I get the feeling a ton of people don't like him because he is successful. Holding your head high and being extremely confident at your job is not a negative. Every good tradesman should act this way. 

Besides he's on TV and has to act like a know it all. People watch it because of this.


----------



## TNTRenovate (Aug 19, 2010)

Jealous. If any of us had a tv show everyone else would hate.

The show is produced and therefore is edited to make it interesting and attractive to viewers and thus advertisers.
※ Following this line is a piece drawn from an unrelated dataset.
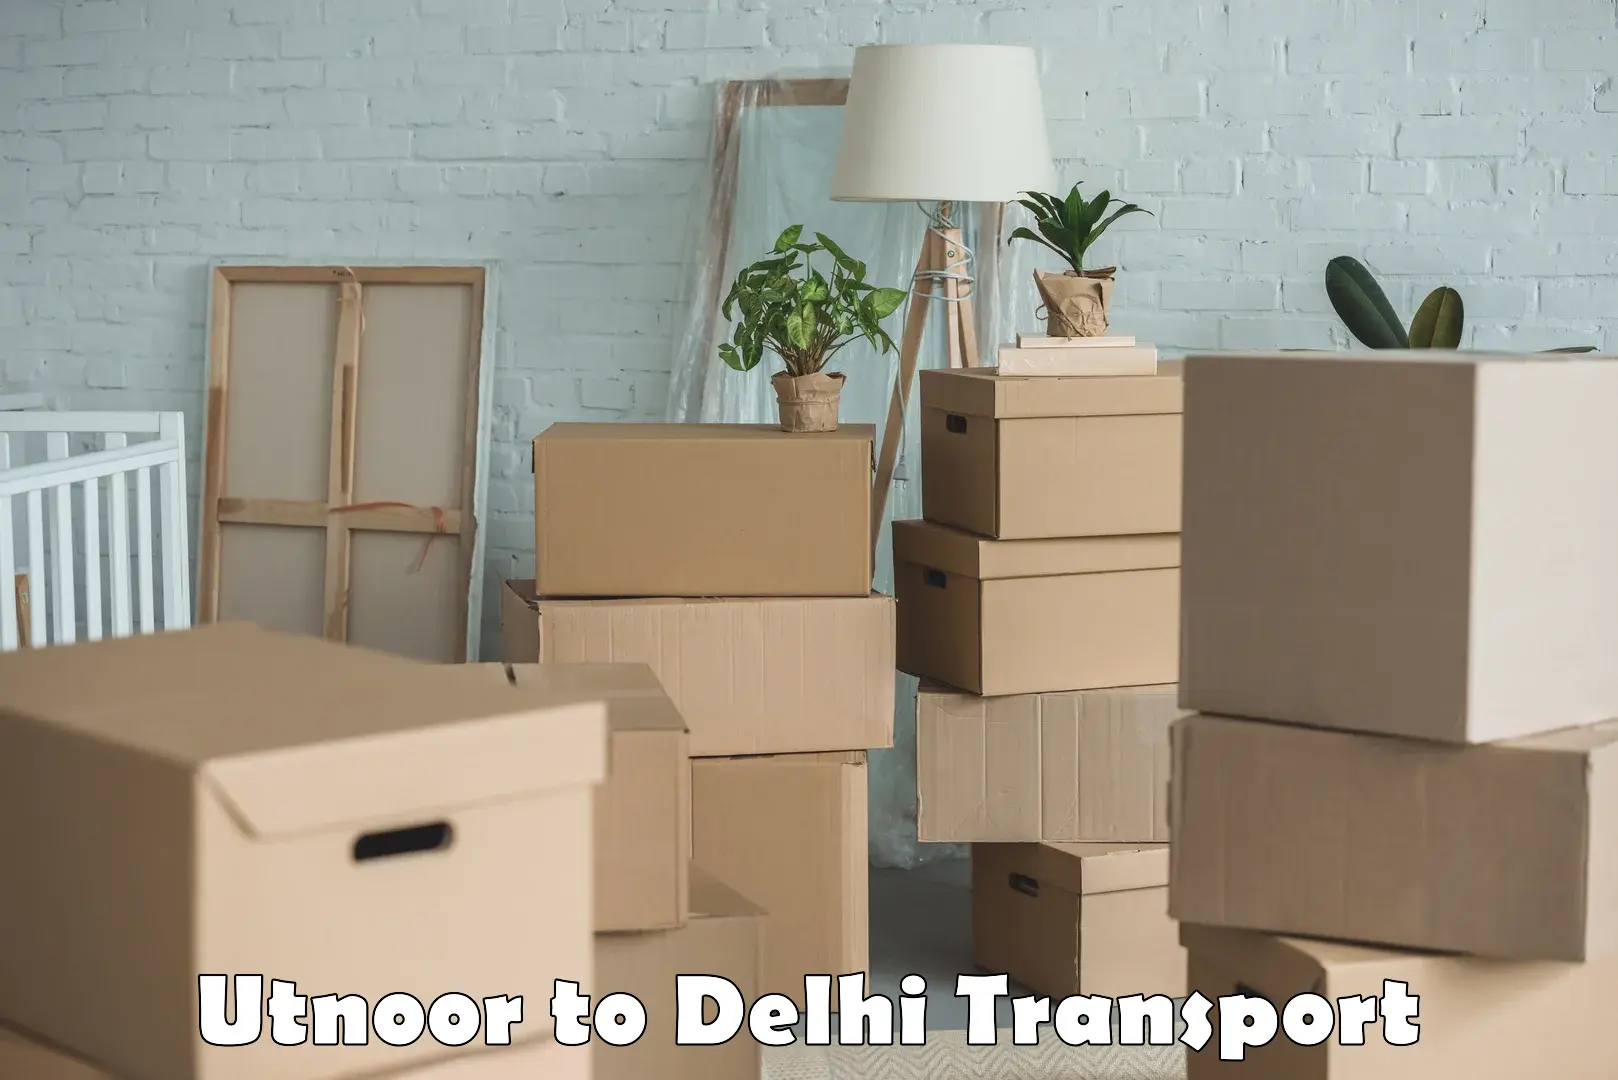 Container transport service Utnoor to IIT Delhi

I would suggest watching a few interviews of him. I also love his work getting more people interested in getting into the trades.


----------



## Dougfir (Mar 8, 2014)

I agree he's good and I'm not jealous...at all he just comes off in a negative way to me. And to say I lack confidence because I started this thread is way off I know I do great work and if I had the budget I too would use psl studs and framing members and use spray foAm and totally rip out Hvac cause it's rusty etc...and no I won't watch a few interviews of him I've already gathered MY opinion


----------



## Millworker (Jan 17, 2013)

Dougfir said:


> I agree he's good and I'm not jealous...at all he just comes off in a negative way to me. And to say I lack confidence because I started this thread is way off I know I do great work and if I had the budget I too would use psl studs and framing members and use spray foAm and totally rip out Hvac cause it's rusty etc...and no I won't watch a few interviews of him I've already gathered MY opinion


Not directing my reply at you or anyone here. Just saying it general from some of the people I meet in person I got that impression.


----------



## TNTRenovate (Aug 19, 2010)

Dougfir said:


> I agree he's good and I'm not jealous...at all he just comes off in a negative way to me. And to say I lack confidence because I started this thread is way off I know I do great work and if I had the budget I too would use psl studs and framing members and use spray foAm and totally rip out Hvac cause it's rusty etc...and no I won't watch a few interviews of him I've already gathered MY opinion


I guess some are not interested in a well informed opinion. Judging him by the show alone is foolish. He does not edit it.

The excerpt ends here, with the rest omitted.